The Leno chief added that the group’s new five-storey headquarters complex, of which its 20 employees will occupy just the top floor, stands to give it “a real footprint” and strengthen the message that it is a “real player” in Bahamian financial services.
He suggested that it is the first of many similar projects that may be undertaken through its real estate development unit, Leno Realty Holdings, which is headed by his nephew, Hartman Longley Jnr, a licensed real estate broker and Bahamas Real Estate Association (BREA) director.
“We’ll be looking for projects and building more office complexes,” Sean Longley told Tribune Business. “We see that as an opportunity for growth. It’s going to be a very significant part, a second arm.”
He said Leno had already identified potential property purchases as part of these plans, but declined to identify them “until we close” the deals. Confirming that Leno’s real estate ambitions will initially focus on the capital, Sean Longley added: “I think we’ll look at New Providence in the first instance, but where opportunity presents itself we’ll look at it and take advantage. We’re not going to be myopic and say we will be Nassau-centric.”
The hiring of Brian Jones, a highly-regarded Bahamian executive previously with UBS (Bahamas) and Deltec Bank & Trust, to oversee Leno’s international and domestic investment funds business was also likely to bring rewards in the Fin-tech (financial technology) space, he revealed.
“We’re going to be looking at the digital assets and seeing how we can incorporate that to provide diversification in the Bahamian market,” Sean Longley said. “Brian’s working on that, and will roll that out in the next couple of weeks. We’re looking at a whole new product suite. I know Brian has quite a few things in mind.”
Mr Jones will also play a central role in Leno’s international growth. “Diversification is key. We don’t want to be myopic and say we are only focused here,” the Leno chief executive told Tribune Business. “There’s tons of money out there, and people are looking for different structures.

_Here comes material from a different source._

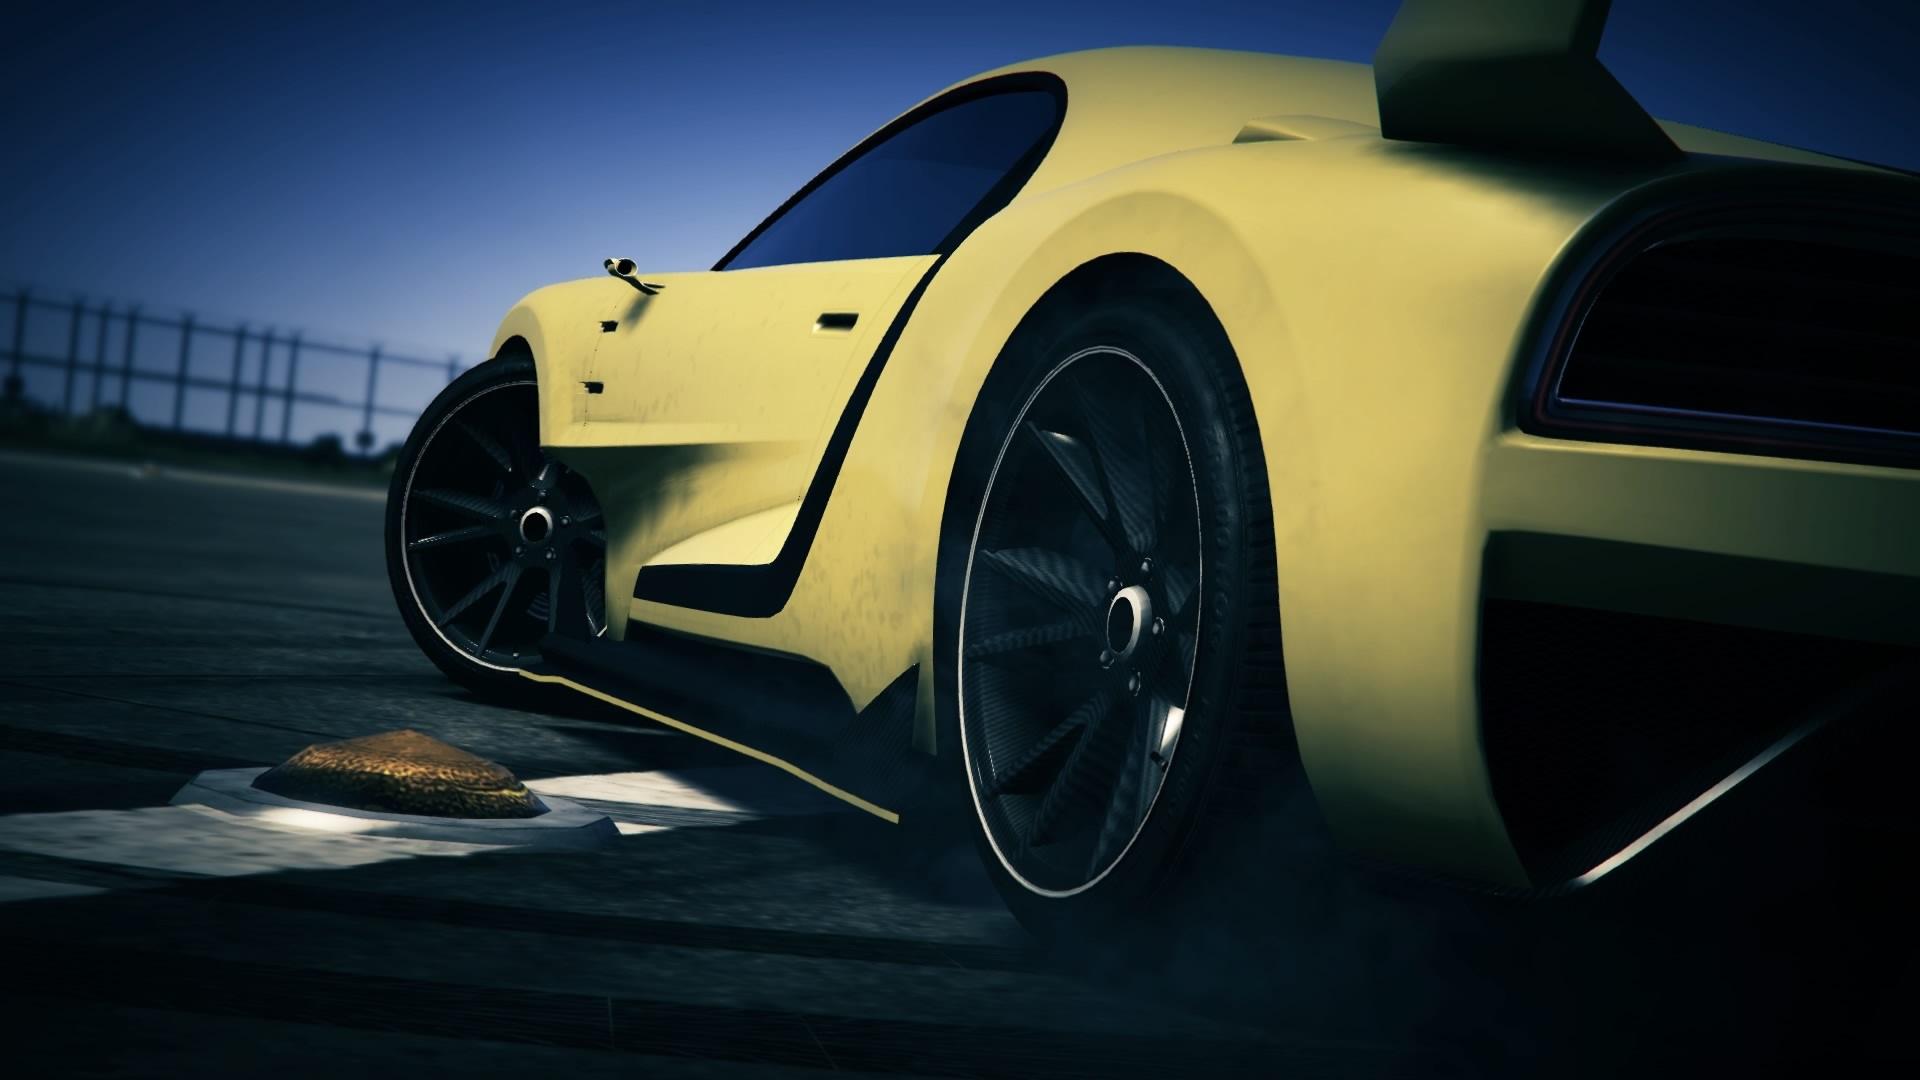 Grand_Theft_Auto_V_20170722111348.jpg

“Latin America is a huge market. We went over for the STEP (Society of Trust and Estate Practitioners) conference, and met a lot of intermediaries that want to do business in The Bahamas. That’s huge for us.
“The guys in Latin America first want an IBC, then they want a fund structure, and then they want a trust structure to wrap it up and protect it. We’re able to provide the full package of services - companies, funds and trusts. We can do it all. It’s a no brainer.”

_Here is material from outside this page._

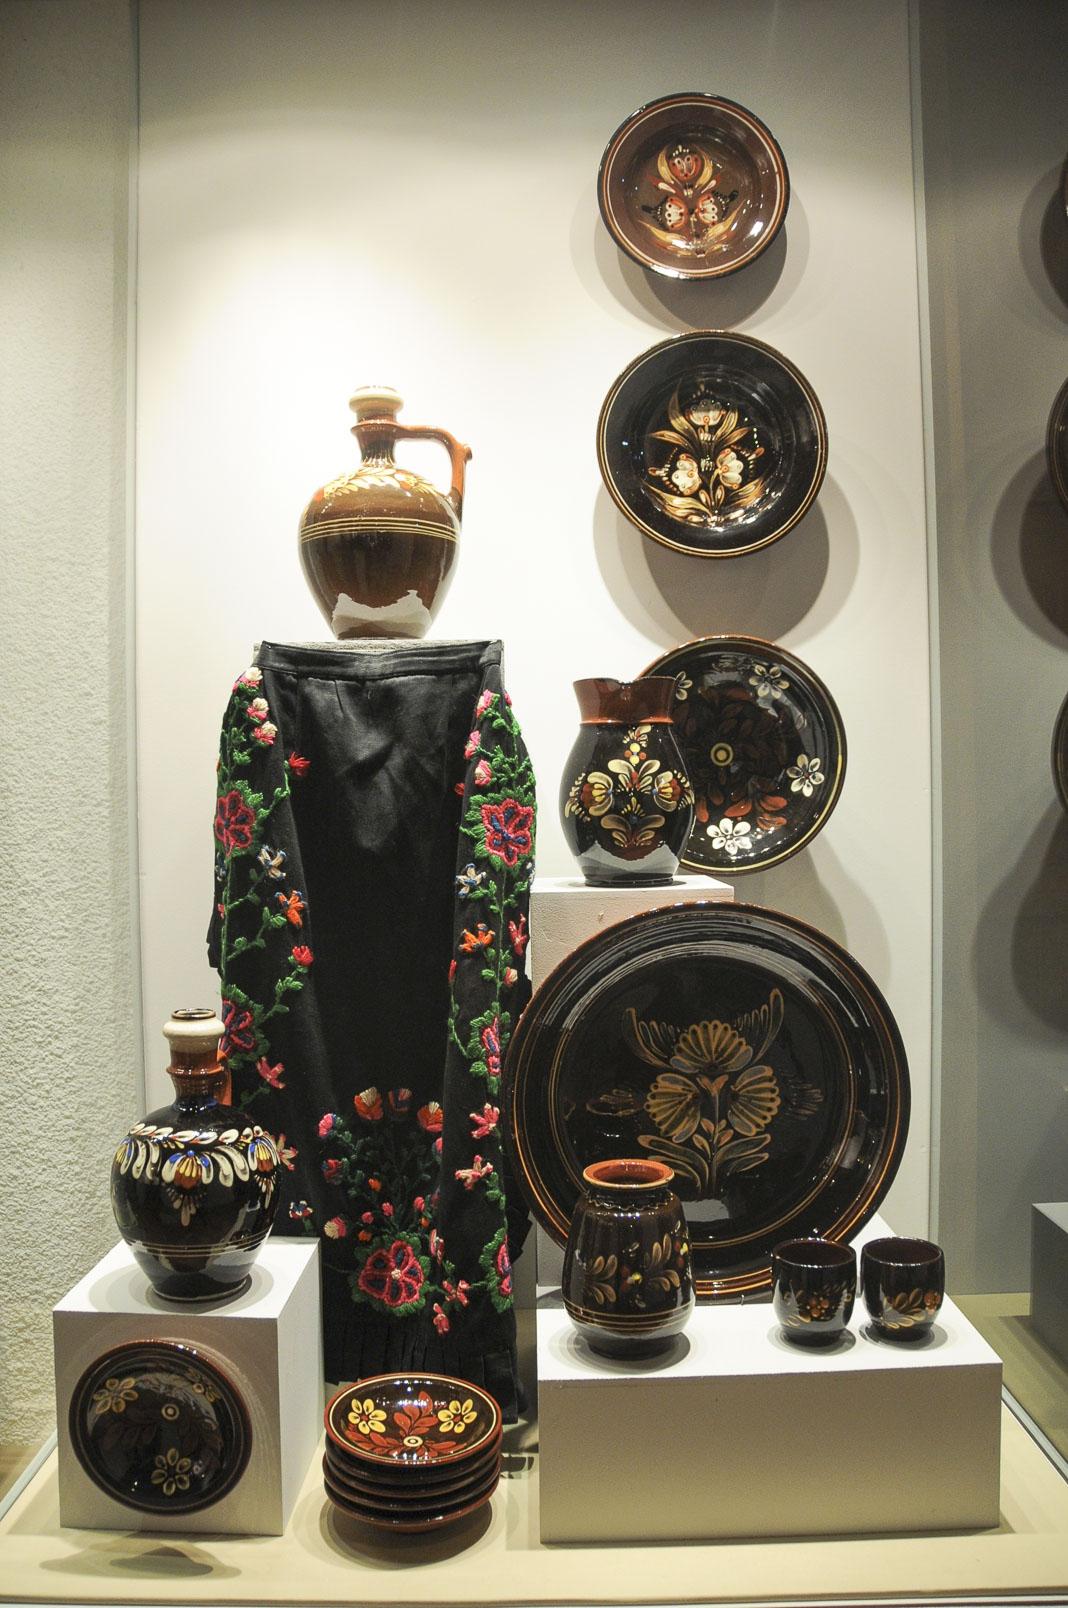 troyan-museum-cvetqta-na-zografa-22

Sean Longley said Leno will have to be more patient with its Asian plans, with the proposed head for its Shanghai office still in The Bahamas familiarising herself with the group and its operations.
“By the second half of the year we will look at our need for office space so we can hit the ground running in the fourth quarter,” he told Tribune Business. “The whole idea is that we’re going to mirror what we have here in Shanghai. That’s an untapped market for The Bahamas.

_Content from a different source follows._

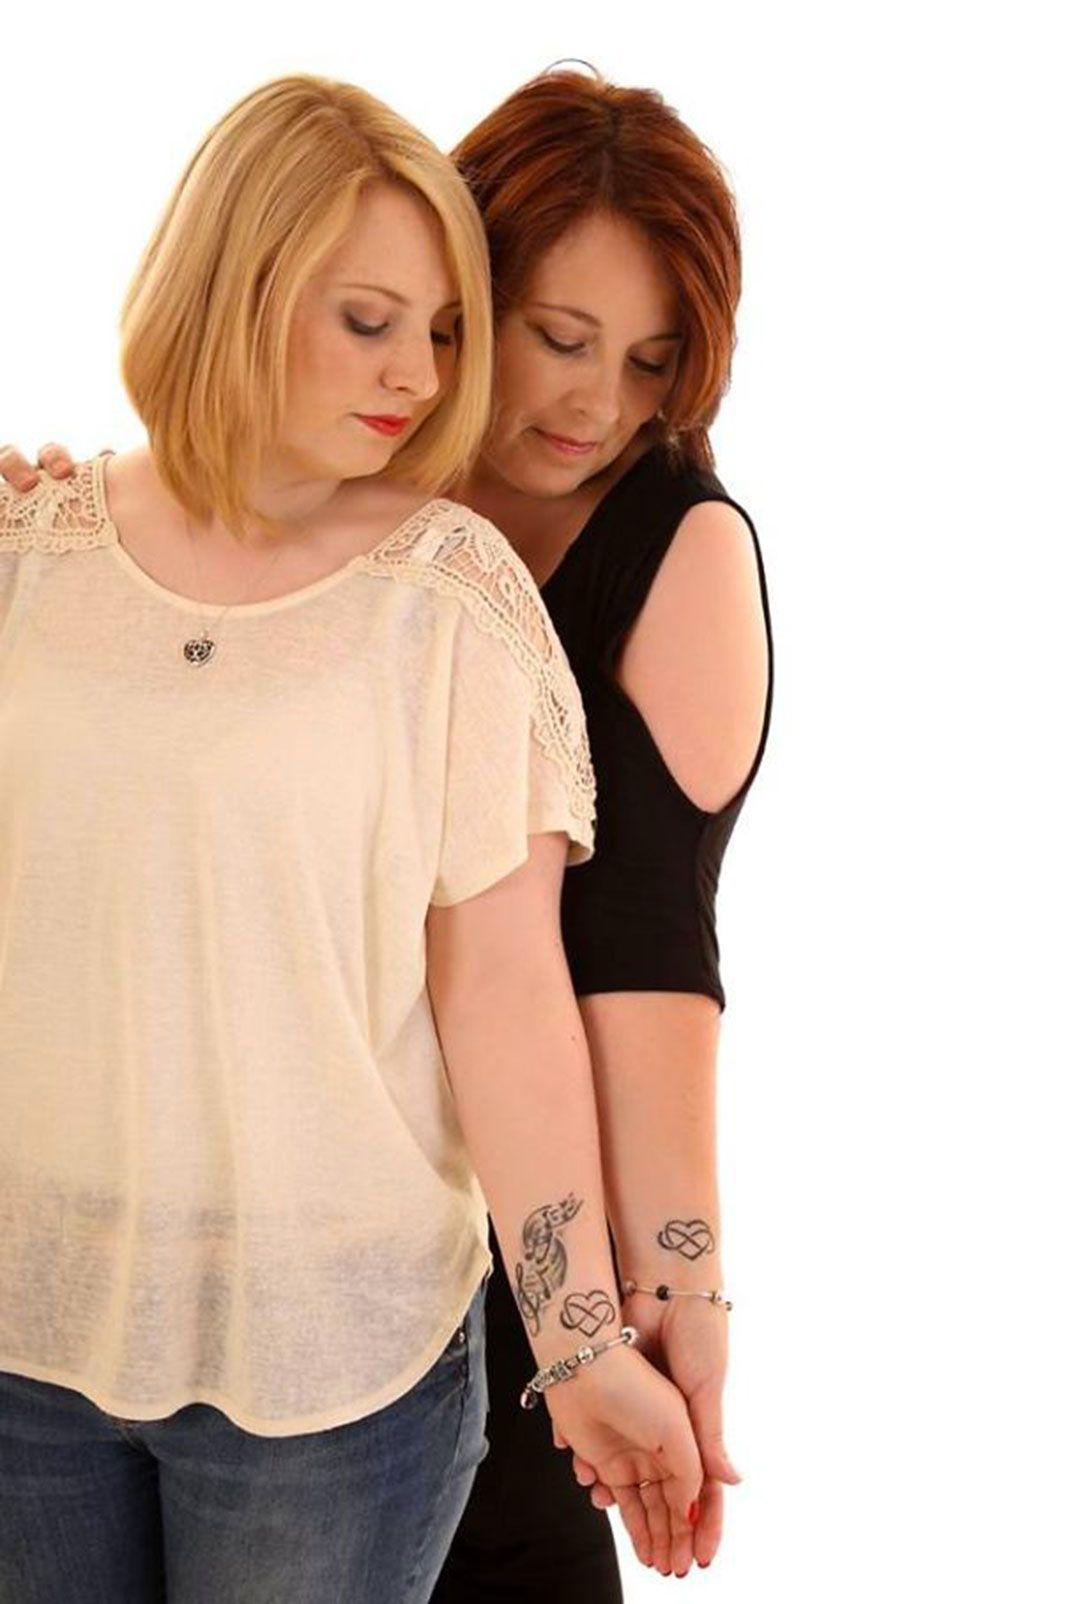 tatouage meilleure amie poignet coeur

“I think Latin America will be big for us but Asia is going to be a stretch as we really have to sell The Bahamas. In travelling there, the Chinese don’t really know The Bahamas. That’s going to take time to nurture and develop. But once we make the right connections it should be able to take-off in a couple of years. Asia is going to be a challenge but we feel confident about it.”
Leno is the fund manager for the two Titan investment funds that were launched, and are sponsored, by Sebas Bastian’s investment house, Investar Securities. It is also acting as the financial advisor to the Bahamas Petroleum Company (BPC) sponsored BPC Investment Fund, and is presently helping it to raise the targeted £2m.